Завернуть в Ольховник и договориться со школярами обещал Гэбриэл, у которого были и свои собственные резоны туда наведаться. Марк вчера сказал ему, что в Звезду Севера ведет тайный эльфийский ход со стороны моря, и что Гарри этот ход знает. Гарету князь Валенский пока что о своих планах говорить не хотел – знал, что брат будет наверняка против. А вот Кину план одобрил, и Дэн Мелла обещал полную поддержку и преданность своего отряда. Сотня Дэна расположилась за стенами Кальтенштайна, на берегу Зеркального, подальше и от военного лагеря, и от Красного Поля, как теперь стали называть поле перед Кальтенштайном, на котором были казнены мятежники и корнелиты. И Гэбриэл сразу же после военного совета поехал туда, просто, чтобы отдохнуть от многолюдности и суеты, царивших сейчас в крепости. Необходимо было срочно приготовиться к назначенному на утро выступлению, и бойцы, оруженосцы и слуги суетились, чистили коней, правили оружие, проверяли и чинили утварь, упряжь и все, что следовало проверить и починить. Гарет тоже был занят, встречал рыцарей Северных Гор, и Гэбриэл под шумок просто смылся, туманно передав брату, что едет «посмотреть, как там все».
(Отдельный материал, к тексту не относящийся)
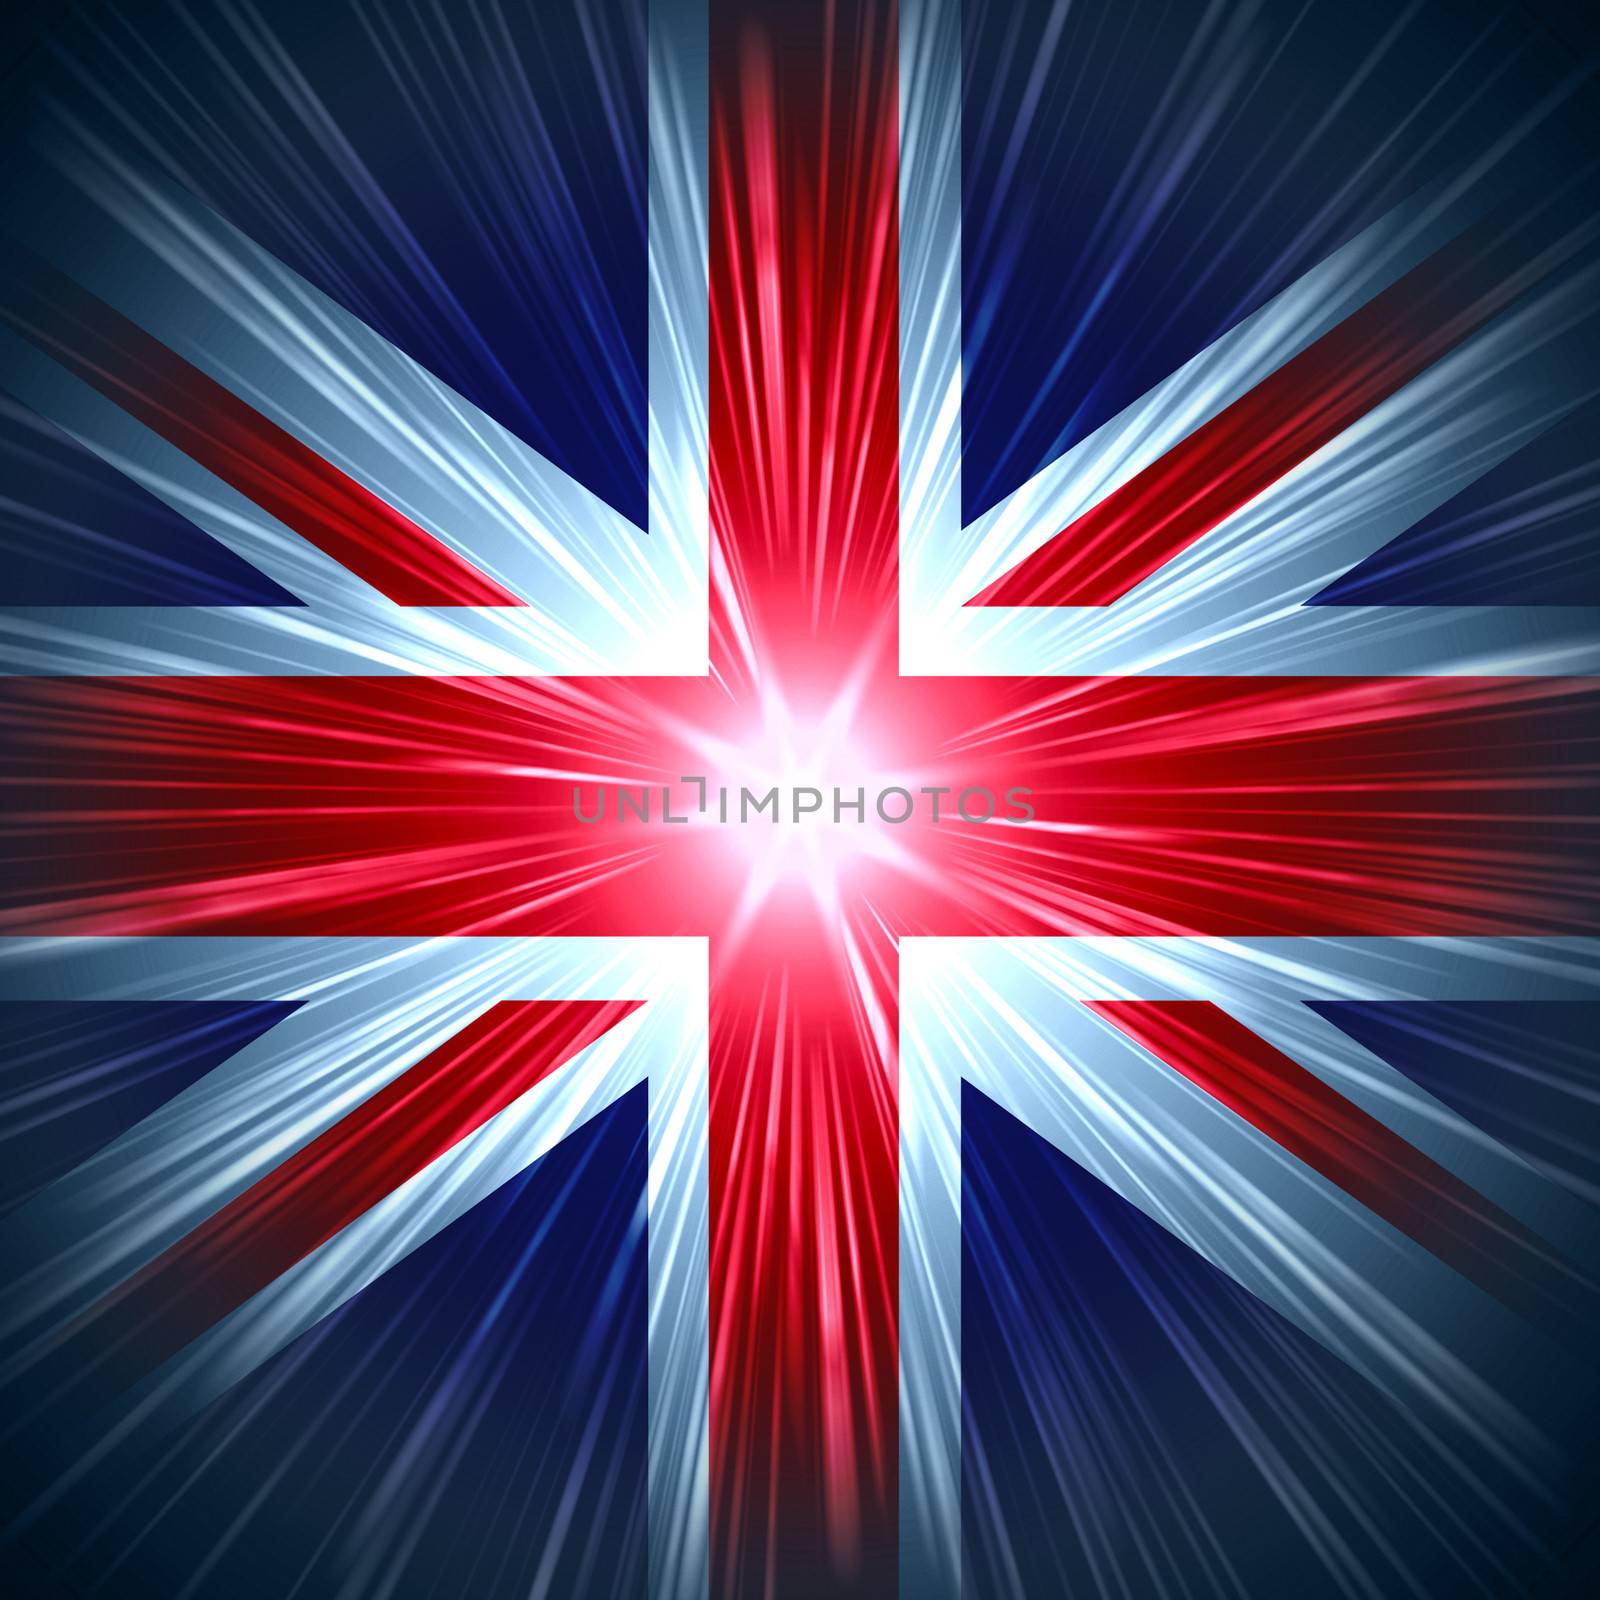 British Union Jack national flag with light rays
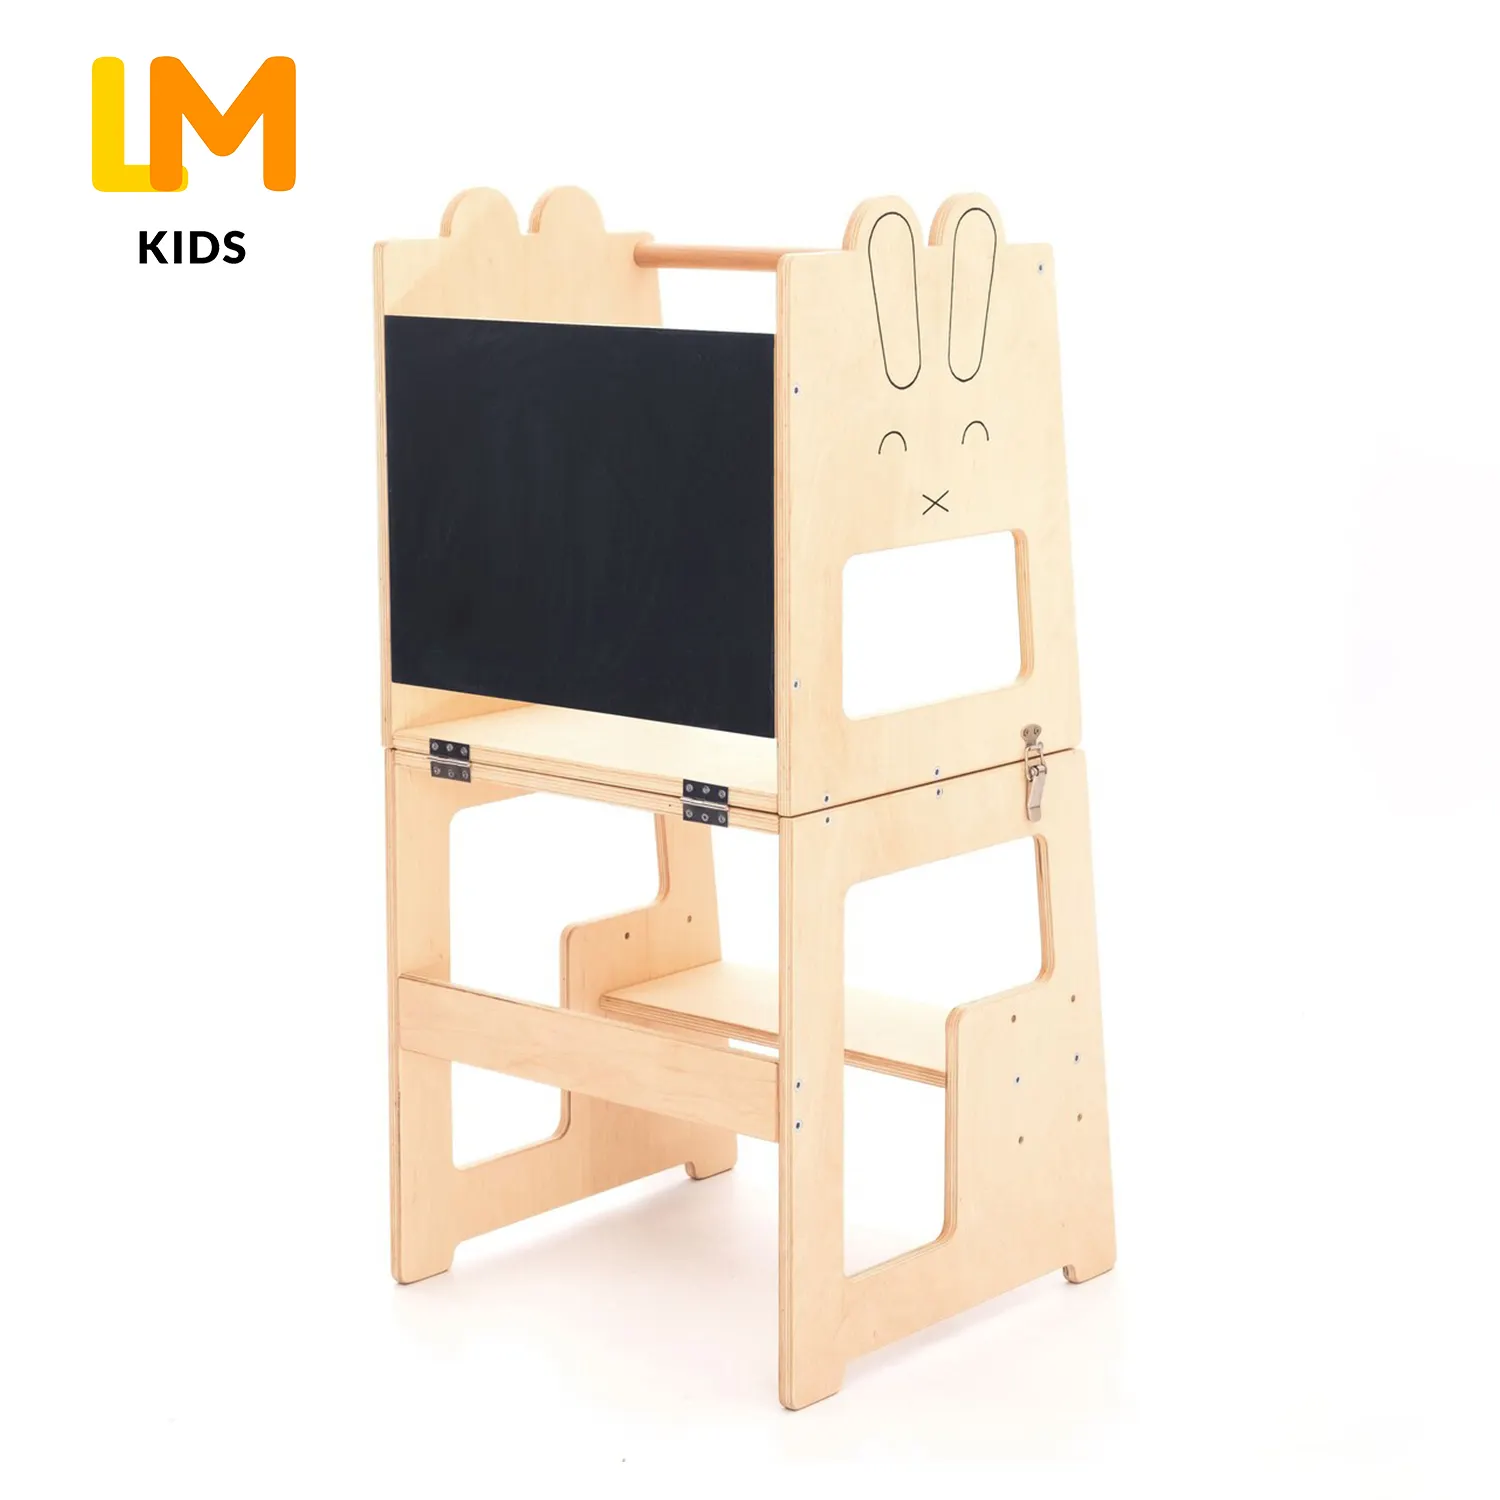 LM KIDS toddler kids adjustable montessori furniture kitchen helper step wood foldable learning tower with blackboard

И отлично провел время, наслаждаясь всем происходящим. Это было его, он чувствовал себя здесь, как рыба в воде. Ощущение крепкого боевого братства, простота общения, равенство без панибратства… Гэбриэл мгновенно перенял некоторые специфические особенности и обычаи своих новых бойцов, от особого шика, с которым следовало носить перевязь с ножнами, до особой обмотки на рукоятях, их символику, их особые словечки и шутки, понятные только им. Здесь было намного комфортнее, даже чем в Хефлинуэлле, который стал ему родным. Все-таки многое дома Гэбриэлу было в тягость, и он просто успешно делал вид, будто все в порядке. А здесь притворяться не приходилось: все как-то быстро стали своими. Марк, поехавший с ним, тоже как-то быстро и органично вписался в компанию, и Гэбриэлу его знаменосец начал нравиться по-настоящему. Сидя на берегу Зеркального, огромного, словно море – противоположного берега отсюда вообще не было видно, – и любуясь лебедями, которые густо населяли окрестности и из-за которых Альвалар и получил свое эльфийское название, они разговорились, и Гэбриэл рассказал своим новым друзьям про Ивеллон.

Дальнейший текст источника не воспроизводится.